Meaningful choices

by kapowaz, Sunday, August 25, 2013, 03:35 (3901 days ago) @ Cody Miller

Alright, let's break this down.

Good game design is all about meaningful choices. With that in mind, when you start thinking about how to design your weapon system you have to consider what choices you want the player to have to make, and how the kind of world they're playing in will affect, and be affected by those choices.

An unrestricted, x-slot, n-weapon system gives the player (n^x-n)/x total combinations. For a game with 10 different weapons and 2 slots that means 45 different combinations. For a game with 10 different weapons and 3 slots, that means 330 different combinations. At this point, the number of choices is so large as to present real problems for most players in terms of how they should approach the decision of what to carry, and issues like choice paralysis creep in. Worse, players might feel tempted to seek outside help to validate or assist with their decision. This decision is made all the more difficult in that the situations of gameplay will almost certainly dictate choices in certain moments. Of those 330 combinations, there are bound to be some pretty poor ones: walking around with 3 types of close-range weapon isn't likely to work out that well. For any game designer worth their salt, this is a failure in how the system has been designed.

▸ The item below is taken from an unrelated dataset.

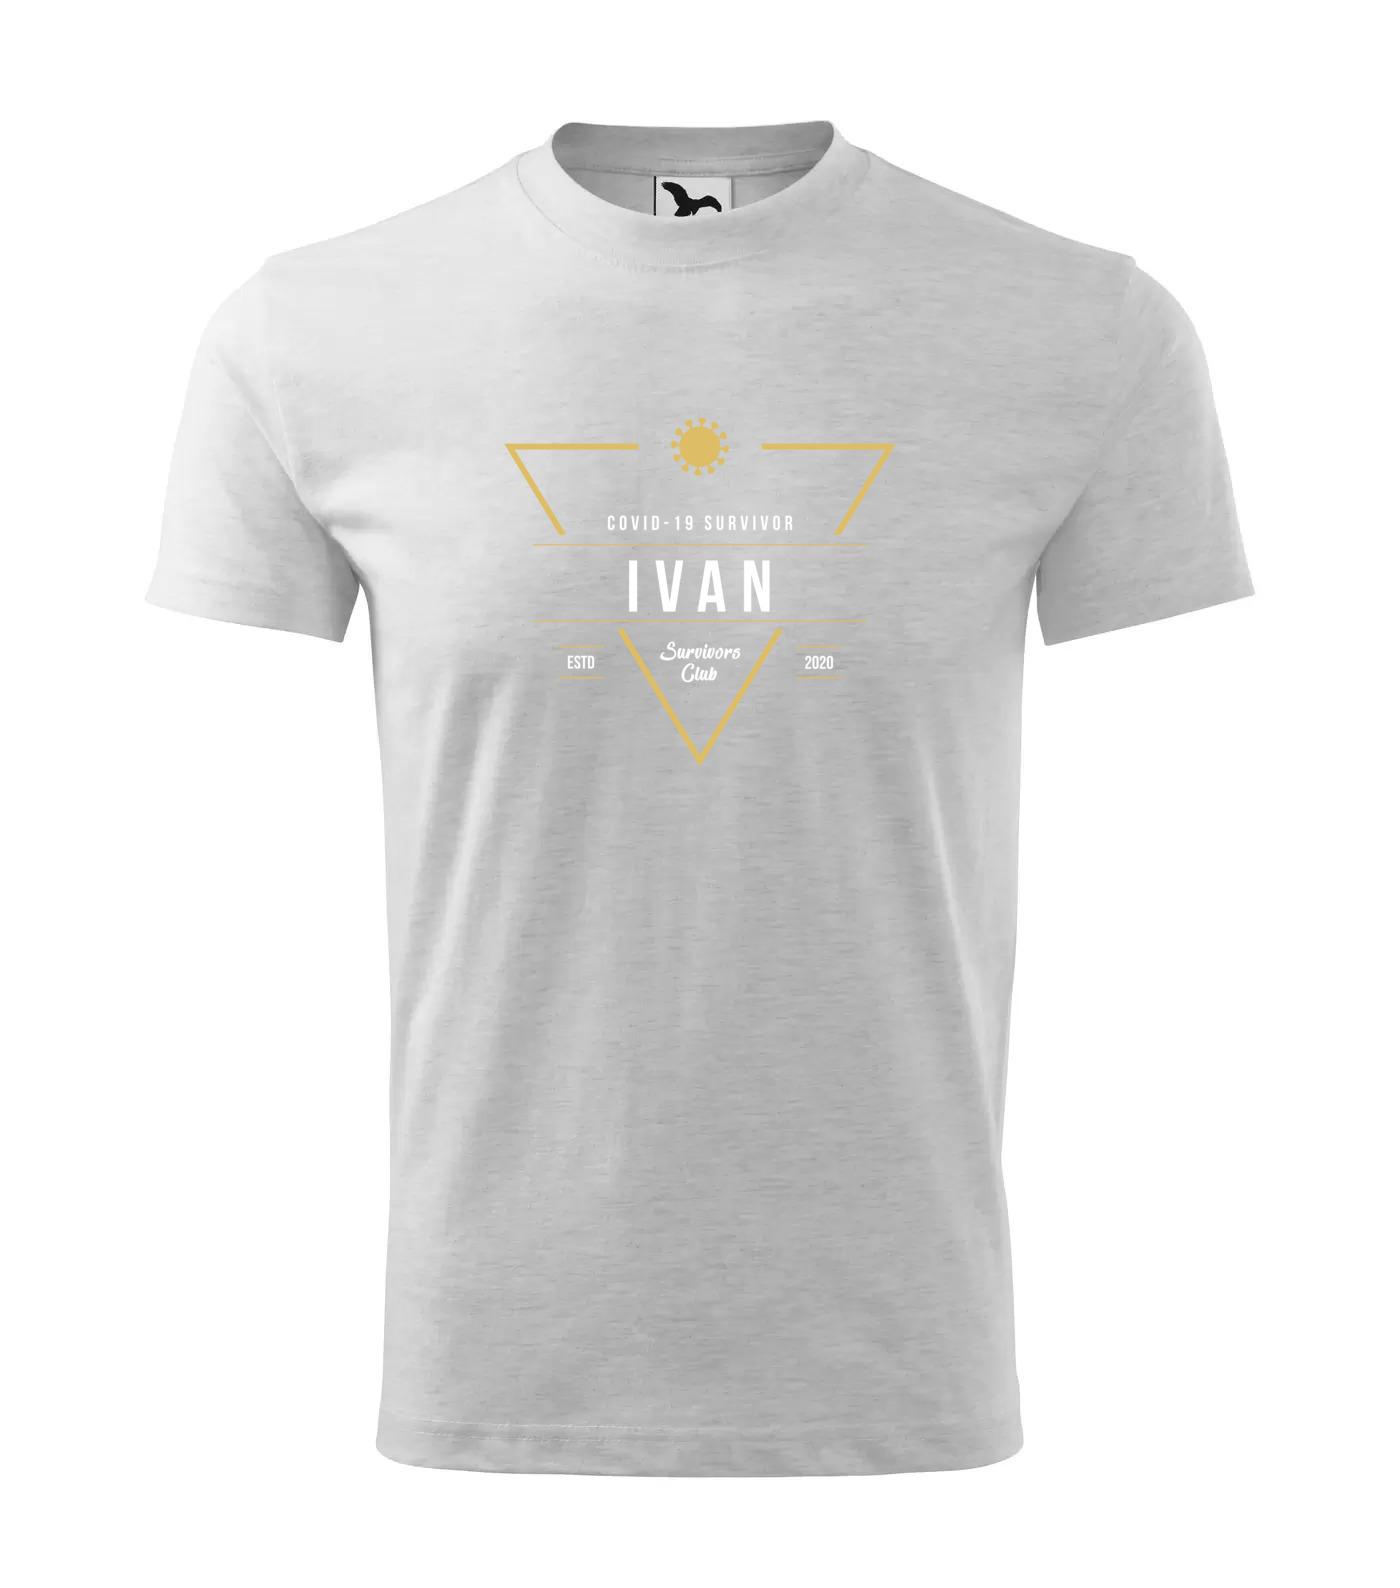 Tričko Survivor Club Ivan

Applying this specifically to Destiny, the number of weapons available is intended to be very large indeed, but with one big caveat: weapons will exist within a much smaller set of weapon categories, and so really the variations mostly exist within those categories. A combination of three different types of pulse rifle isn't really offering the player much variation in play style, and so that choice isn't really meaningful. This is a problem the Call of Duty games suffer from, where there are only subtle distinctions between most weapons of a given type, making it difficult for the newer or less experienced player to make a meaningful choice about whether to carry rifle X or rifle Y. This in mind, the real choice comes from allowing a player to choose one weapon from one category, one weapon from another category, and another from another category. Mathematically speaking, where there are a, b, and c weapons in each category, the number of possible choices is then simply a × b × c. If we assume there are 5 distinct types of primary weapon, 5 types of special weapon and 5 types of heavy weapon, that still gives you a pretty large 125 possible combinations, but with the added benefit that the player has some certainty that their choice is reasonably effective across a range of gameplay situations.

In actual fact, the number of potential choices is even higher than this, since within any given type of weapon there will exist who knows how many individual weapon, with their own subtleties and nuances. One thing that was apparent from the ViDoc was that some of the weapons are essentially visually identical except for the paint job featured, or the kind of scope attached. This raises the possibility of players being able to customise their weapons according to taste and playstyle, which not only offers opportunity for meaningful choice (it's a lot easier to decide which scope you prefer when you know it's the only variable being changed), but also gives players a mechanism for expressing their character's individuality, something you specifically expressed that this setup would inhibit.